The Mental Health Commission has provided updates to the State Emergency Coordination Group and State Recovery Coordination Group, on behalf of the sector, with the WA Country Health Service participating in local recovery planning groups.

Thank you to all of our mental health, alcohol and other drug support staff in the region.

In supporting your community in this time of need, you are truly amazing Western Australians.

Tips for people affected by disasters

Ways to support your mental health and wellbeing

  • Focus on making daily decisions and actions, to start feeling in control again.
  • Make time for rest, even if you can’t sleep.
  • Eat regular, healthy meals and drink lots of water.
  • Keep a daily routine – include exercise and something you enjoy.
  • Spend time talking or just being with people you care about.
  • Get involved in community activities.
  • Avoid making major life decisions too early.
  • Avoid using alcohol or drugs, or stimulants such as tea, coffee, caffeinated drinks and cigarettes.

Getting help

Most people will recover over time with the support of family and friends. Sometimes however, distressing events can be hard to overcome. After a crisis it can help to talk to someone who isn’t involved and is trained to listen.
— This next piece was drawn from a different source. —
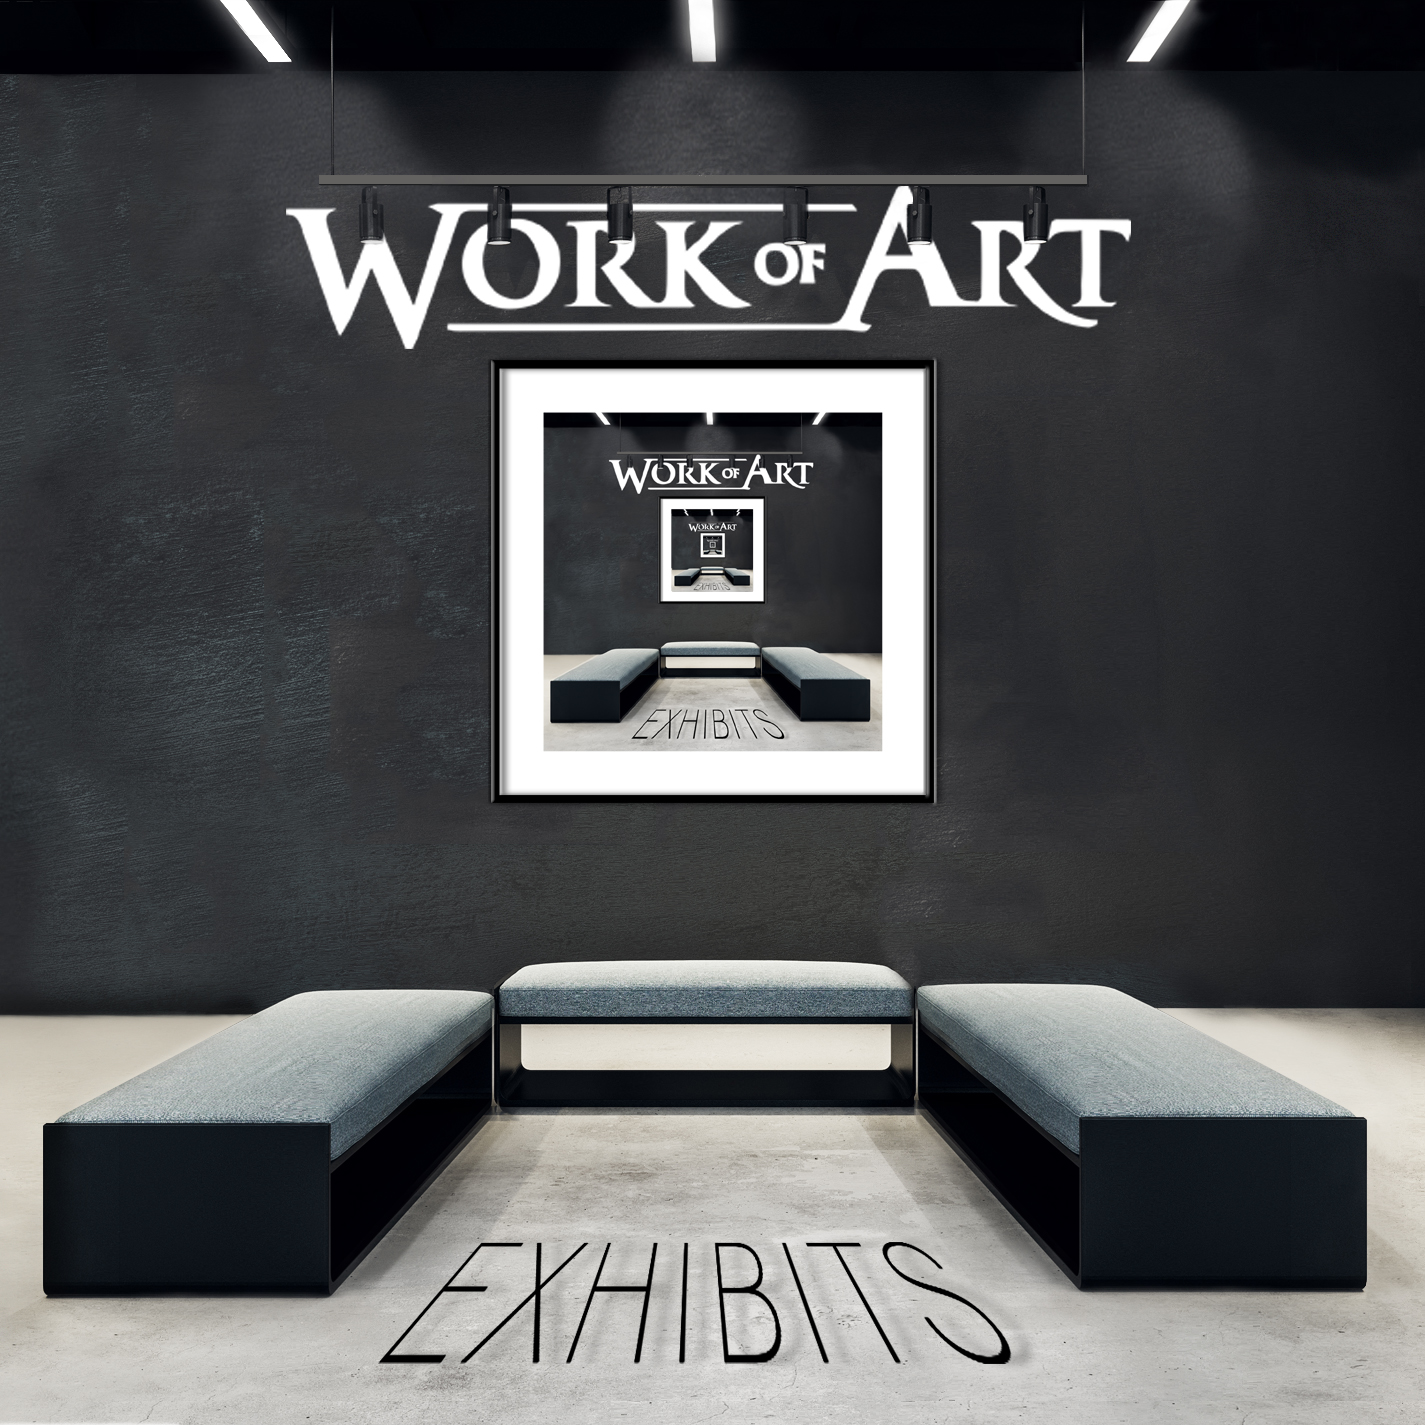 Work Of Art (S) – Exhibits

Think about seeking professional help if you:

  • Continue to experience strong reactions more than two weeks after the disaster.
  • Feel very distressed, frightened, irritable or jumpy a lot of the time.
  • Can’t carry out your normal roles at work, school or with your family.
  • Feel hopeless, despairing and think you cannot go on.
  • Are thinking of harming yourself or someone else.

Where to get help:

  • Your GP is a good place to start, and they can also refer you to other services. Call first if you’re unsure whether they are open, or if possible to have a telehealth appointment.
  • If you are at an evacuation centre, ask about how to access psychological support.
  • If you are worried about your child, contact your school to discuss support available.
  • Call a helpline or try online chat to speak to someone about how you’re feeling.
  • Search the My Services online directory, to find local specialised support for mental health, alcohol and other drug issues.